Problem requirements »
Please give back each line of the material unchanged, but without the images.

Input data »
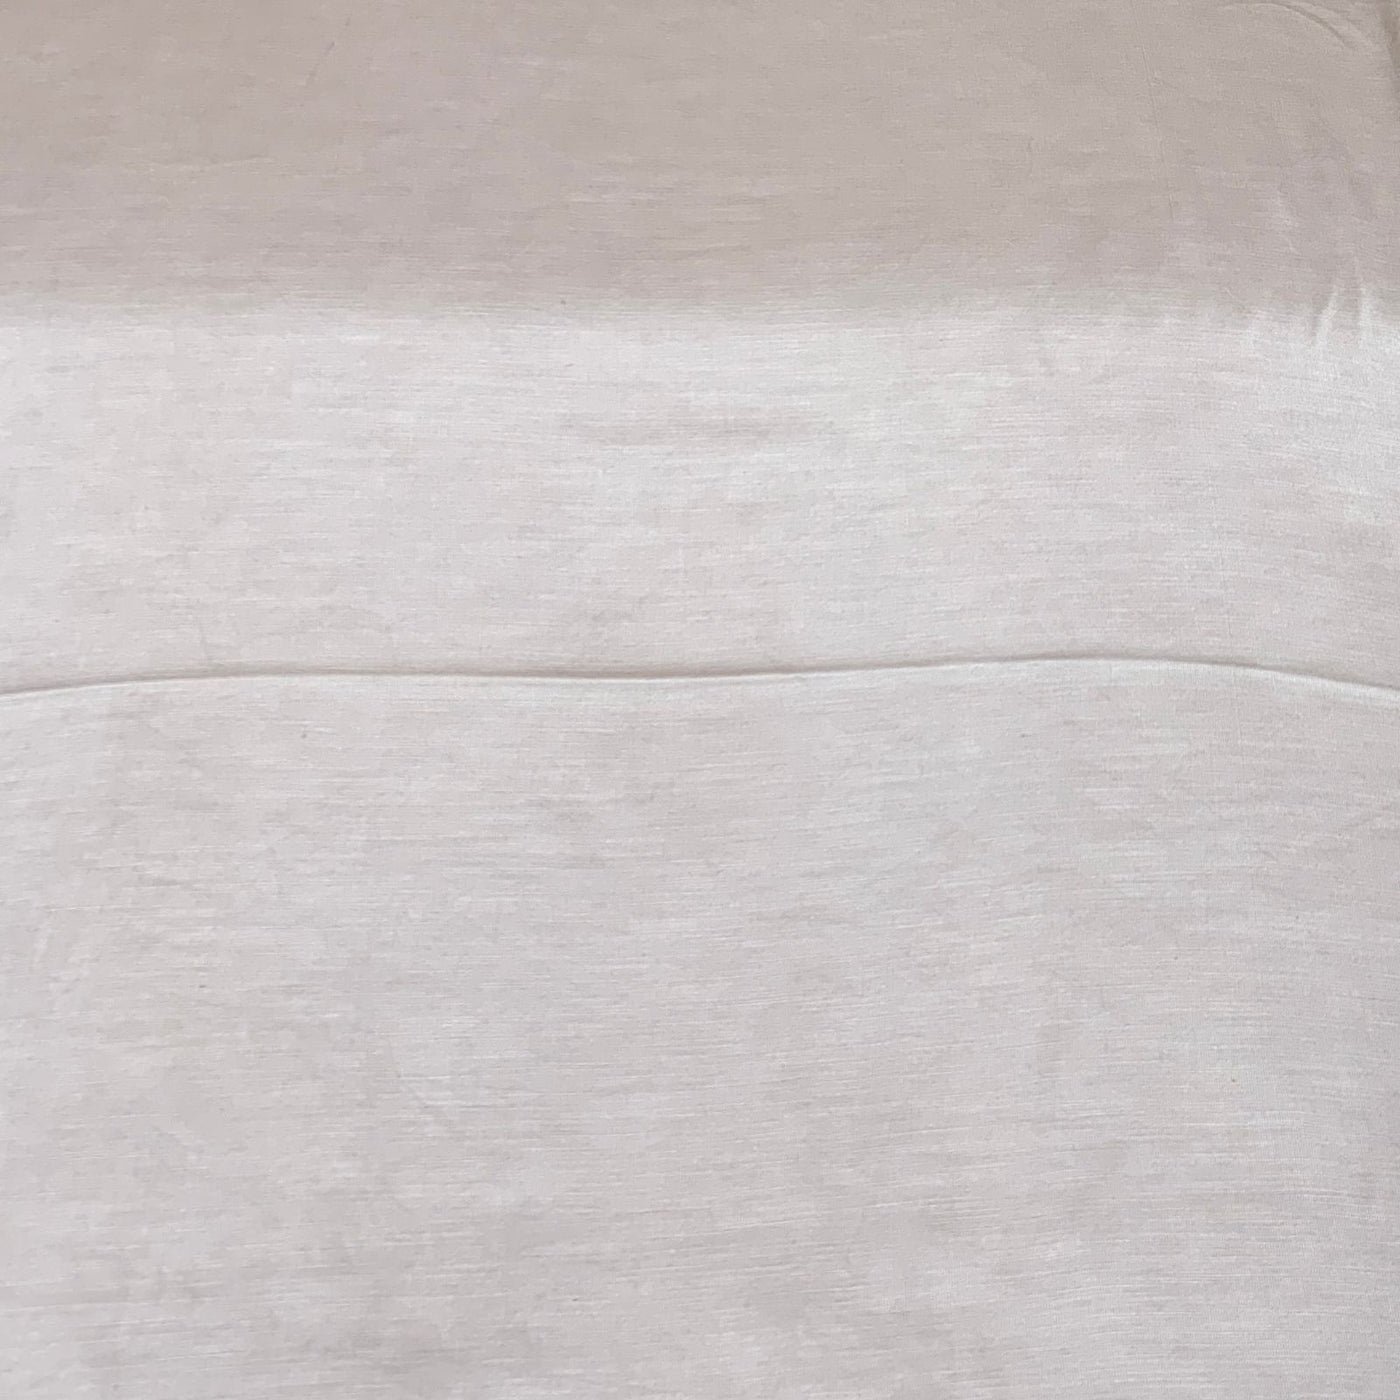 Mude Plain Satin Linen Fabric
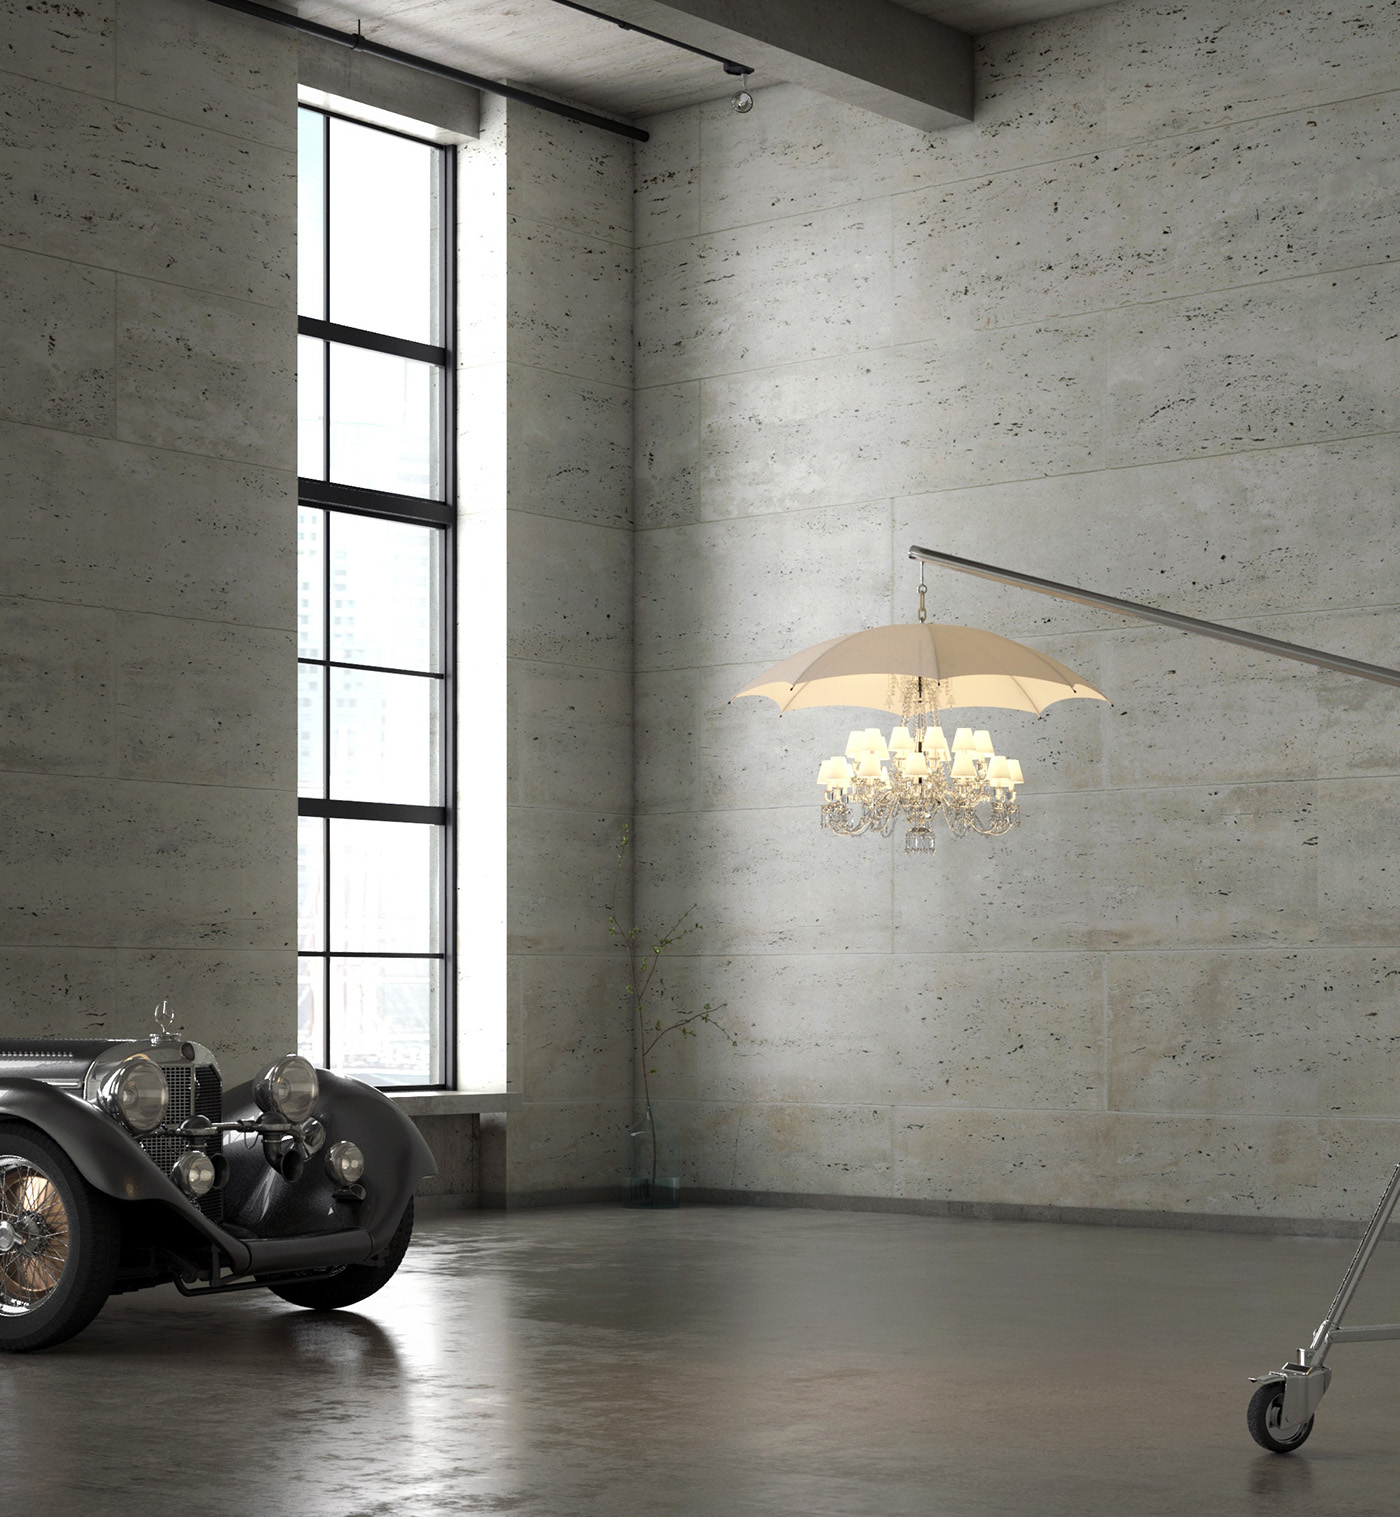 Philippe Starck Baccarat design Lamp story art Interior details
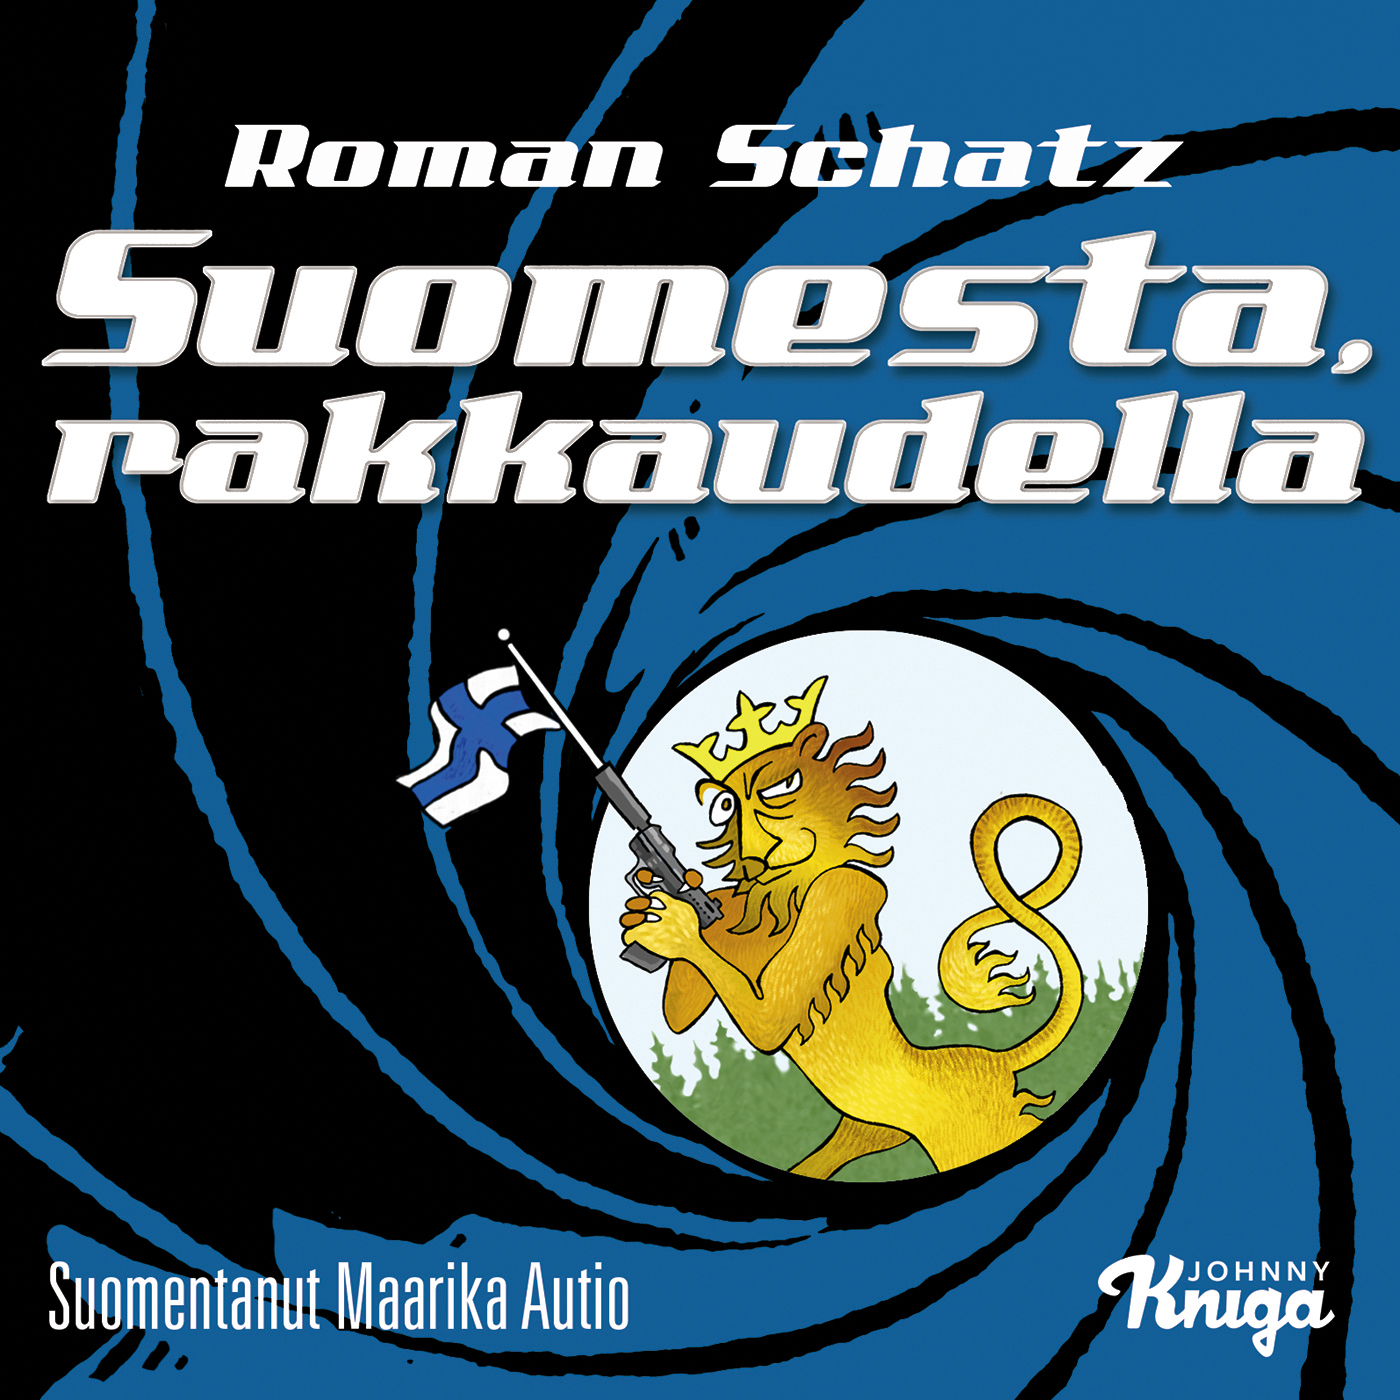 Schatz, Roman - Suomesta, rakkaudella, audiobook
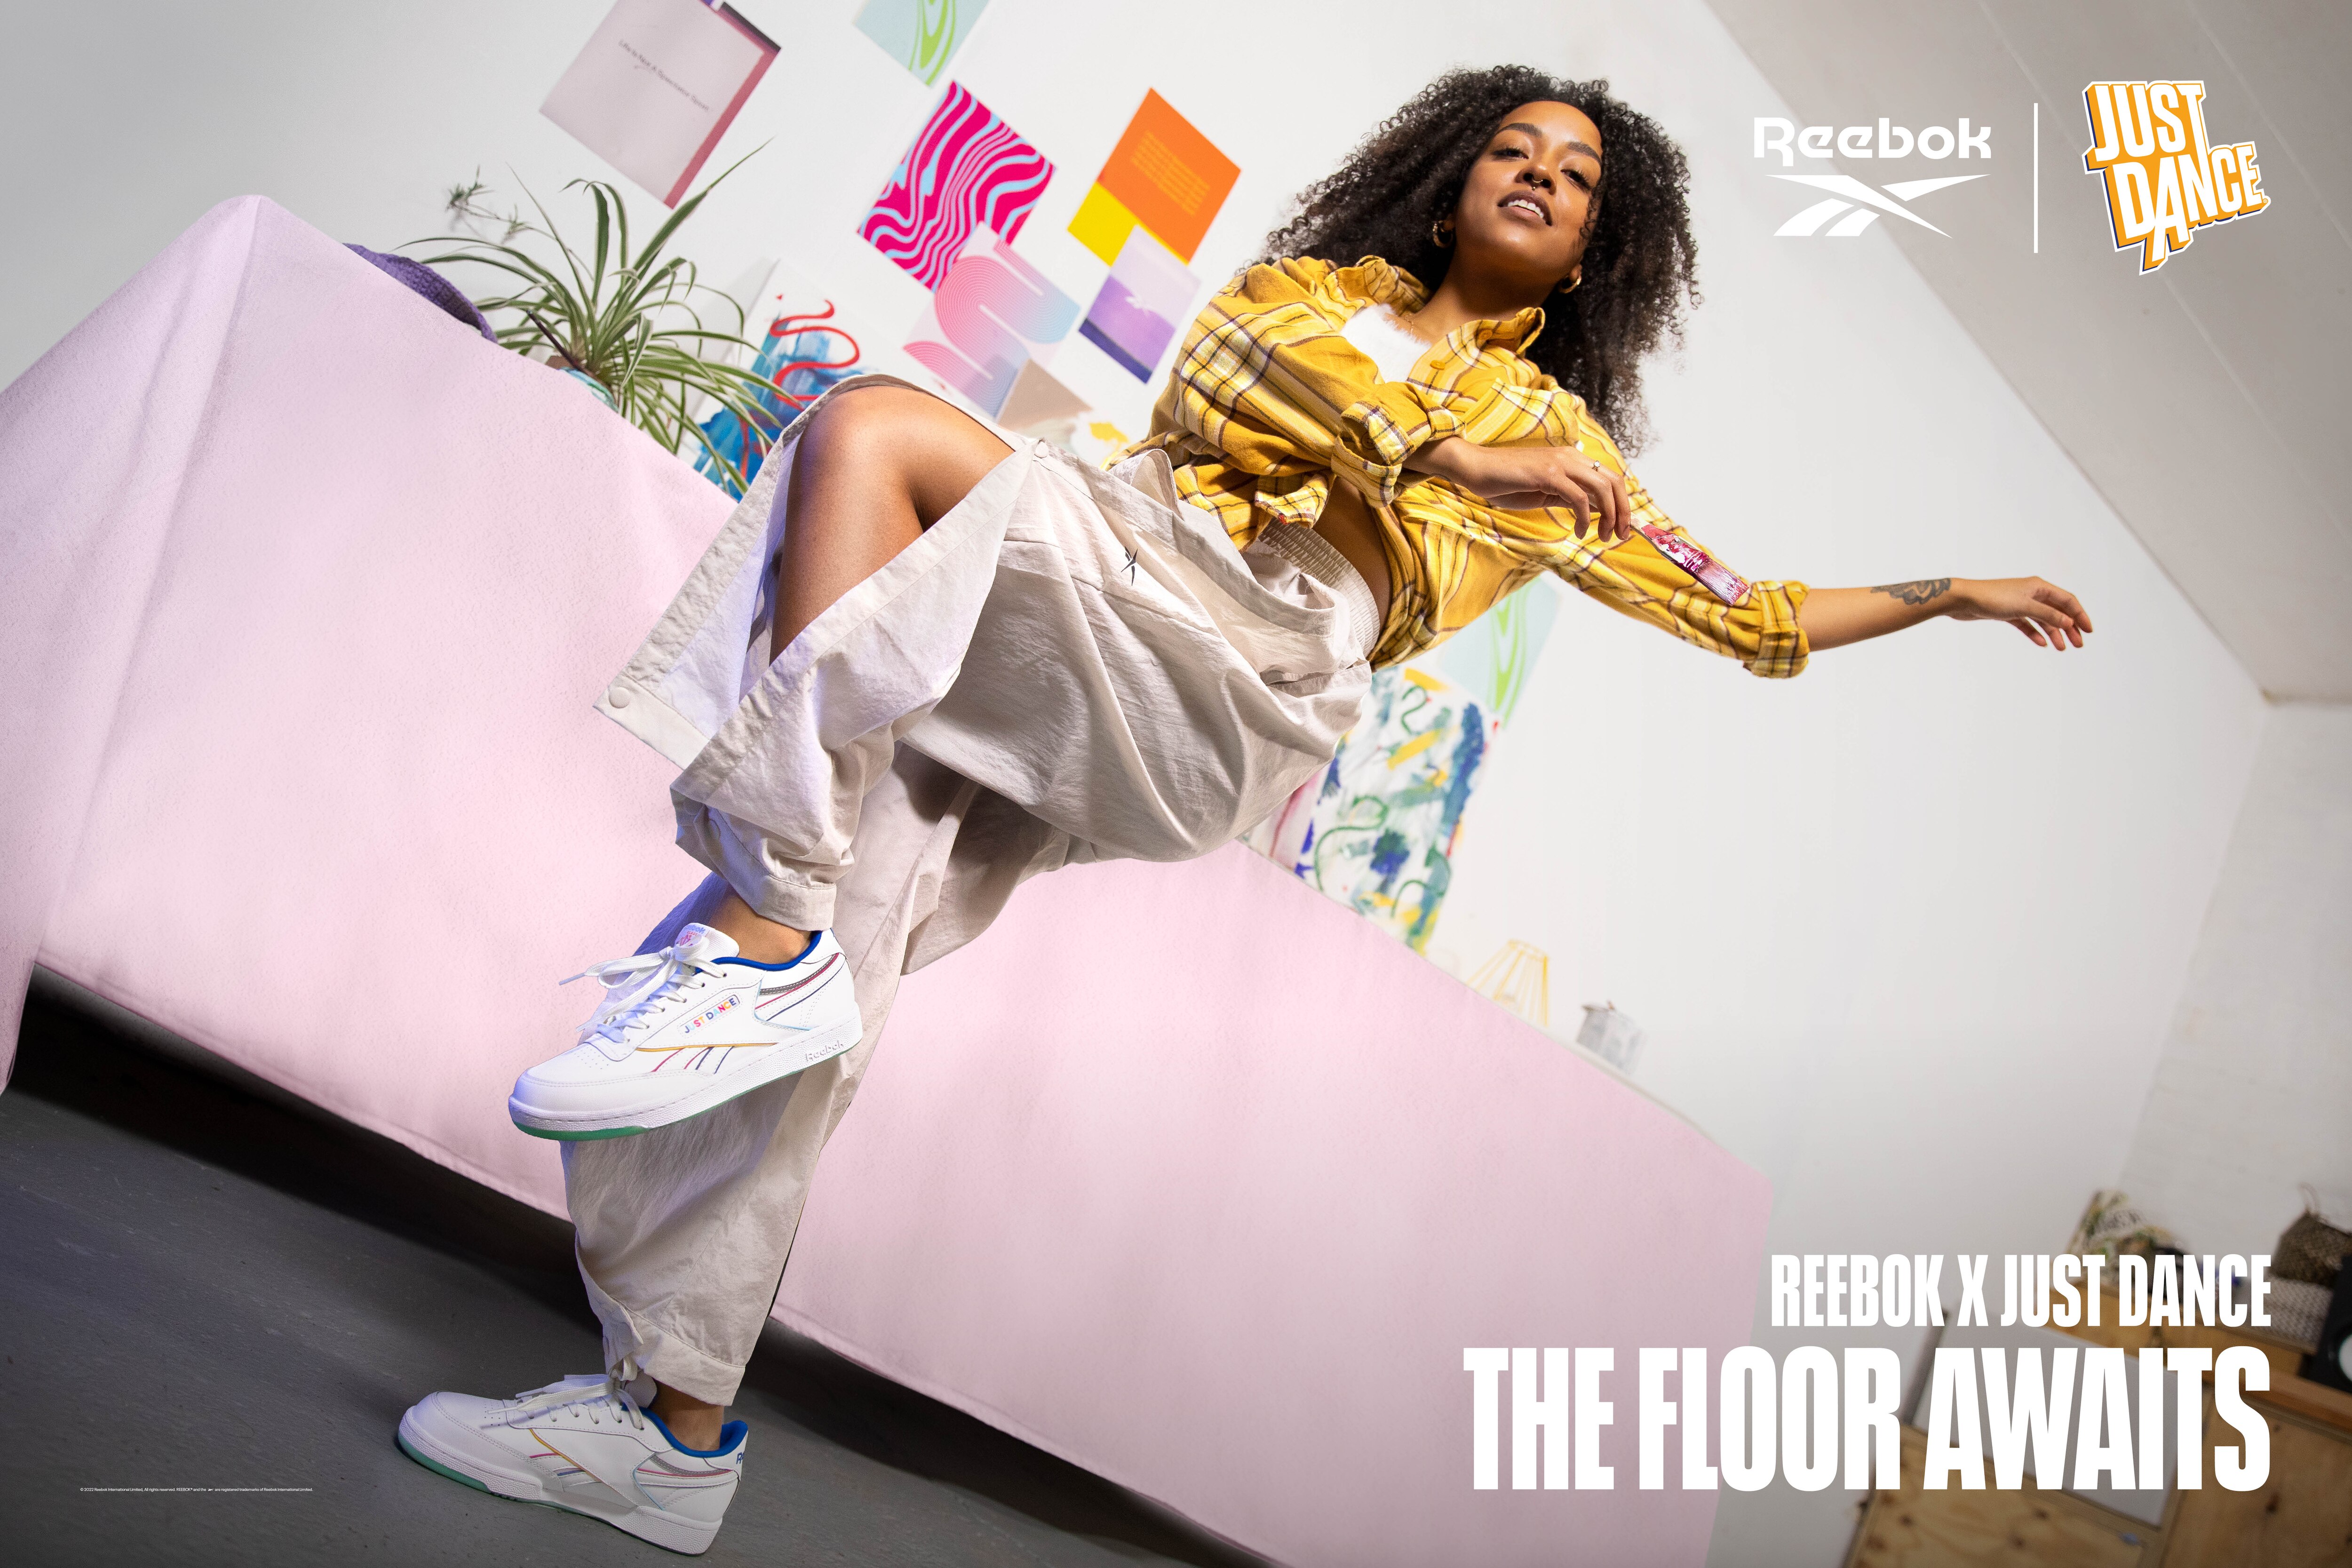 [Ubisoft News] [JD22] Reebok x Just Dance Footwear Collection - Club C

Answer to this exercise »
 Mude Plain Satin Linen Fabric
 Philippe Starck Baccarat design Lamp story art Interior details
 Schatz, Roman - Suomesta, rakkaudella, audiobook
 [Ubisoft News] [JD22] Reebok x Just Dance Footwear Collection - Club C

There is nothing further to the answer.